CUARTO: Separa las cabezas de los langostinos y los gambones y aplástalas con los dedos sobre una tacita para recoger el interior.   Cúbrelo con film de cocina  y reserva en la nevera. Trata de quitarle a los gambones su tubo digestivo. Es esa especie de vena delgadita y negra o marrón oscuro que va desde la cabeza y recorre todo su cuerpo hasta el final de la cola por la parte exterior. Mira las fotos. Pela los langostinos y los gambones e incorpóralos a la fuente del marinado.

QUINTO.-  Guarda la fuente en el refrigerador y deja que se marine durante una hora más o menos. Dale la vuelta a cada pieza al cabo de media hora.

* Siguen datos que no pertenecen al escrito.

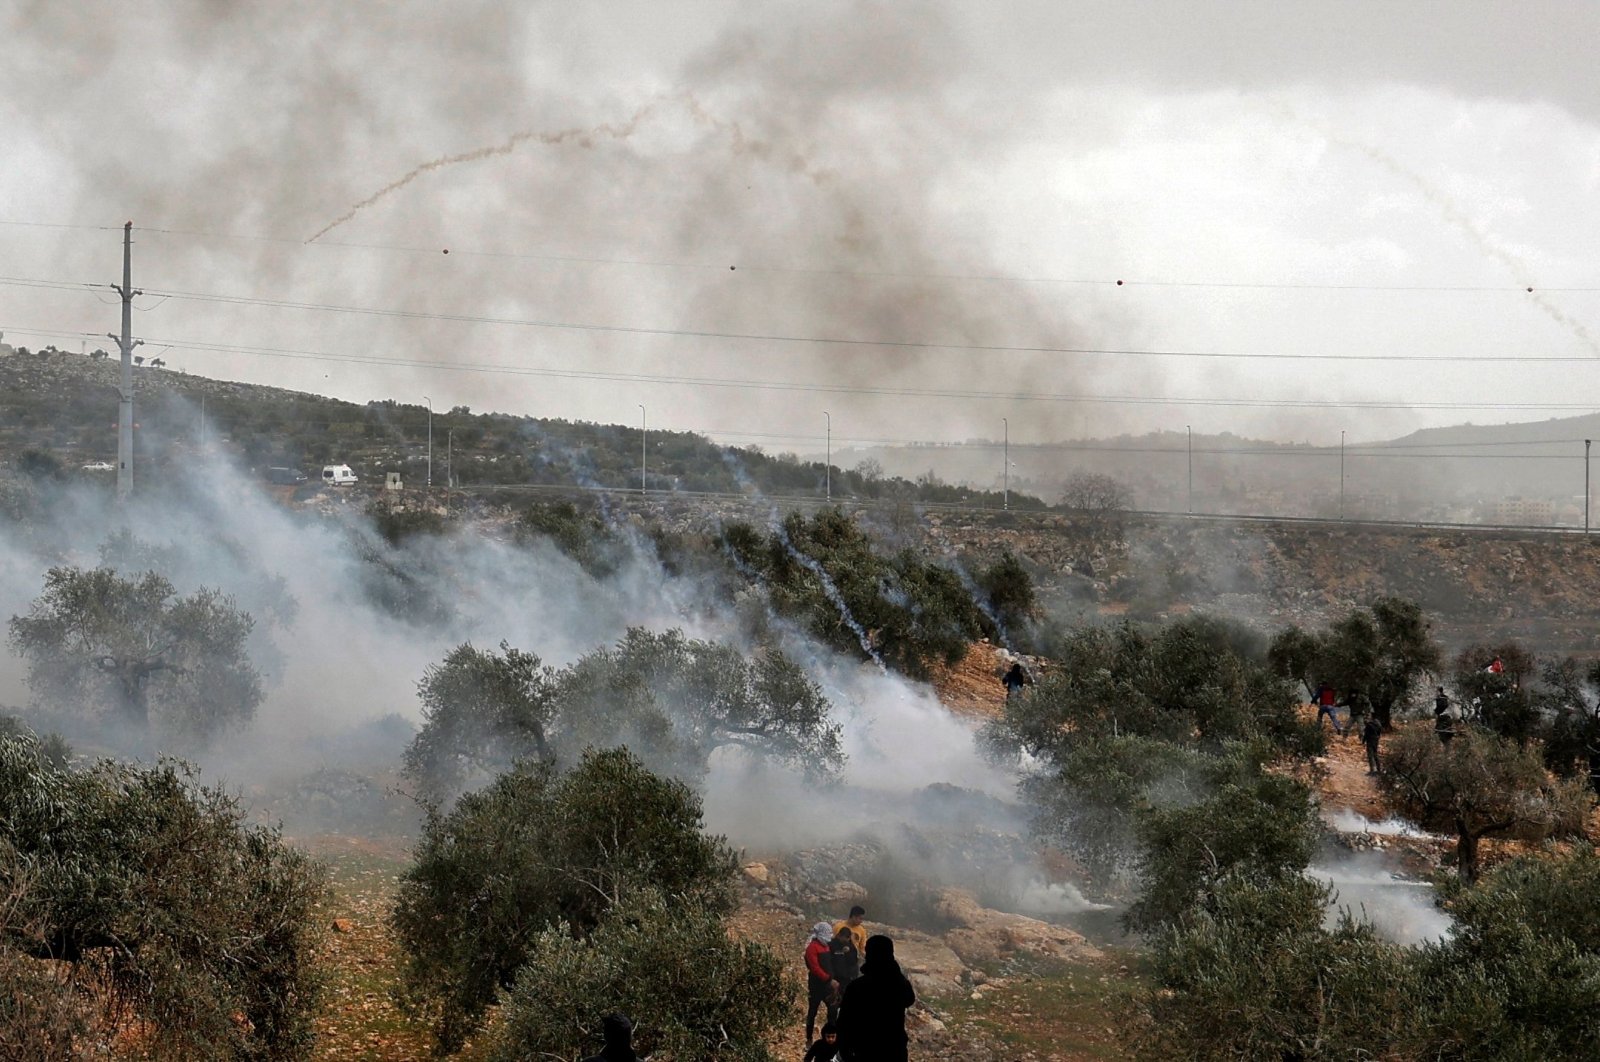 Palestinian protesters retreat as tear gas canisters fall amid clashes with Israeli security forces following a demonstration against settlements in the village of Beita in the occupied West Bank, Palestine, Feb. 4, 2022. (AFP Photo)

SEXTO.- Cumplido el tiempo de marinado, sácalo de la fuente y echa esa salsa en una sartén o un cazo pequeños con la cerveza y el agua, pero reserva un poco de esa salsa para los champiñones. Añade 1 cucharada de postre de salsa Teriyaki y el contenido de las cabezas que teníamos reservado en el refrigerador. Remueve y deja que reduzca un poco. No demasiado o se volverá muy salada. Debe quedar líquida, pero gruesa. En todo caso, quede como quede, estará buena a no ser que, como te digo, la reduzcas demasiado.

SÉPTIMO.- Ya sólo queda poner al fuego el wok, si lo tienes, y si no una sartén honda antiadherente….,o  lo que tengas y procura que no se pegue…. Caliéntalo bien, no pongas aceite, que el marinado ya lleva lo suyo, y echa el rape. Deja que se dore un poco y saltéalo con movimientos de sartén. Haz que se mueva, que salte…., pero, por lo que más quieras, no lo seques. Déjalo un poco crudo por dentro porque ahí estará la gracia del sabor final cuando se encuentre con la salsa….

OCTAVO.- Ahora haz lo mismo con los langostinos y los gambones, por separado. Pero no los dejes secos. Ten en cuenta dos cosas: una; que ya ha estado una hora marinando (cocinándose) y dos; que el marisco se hace enseguida y si se seca, es como la paja…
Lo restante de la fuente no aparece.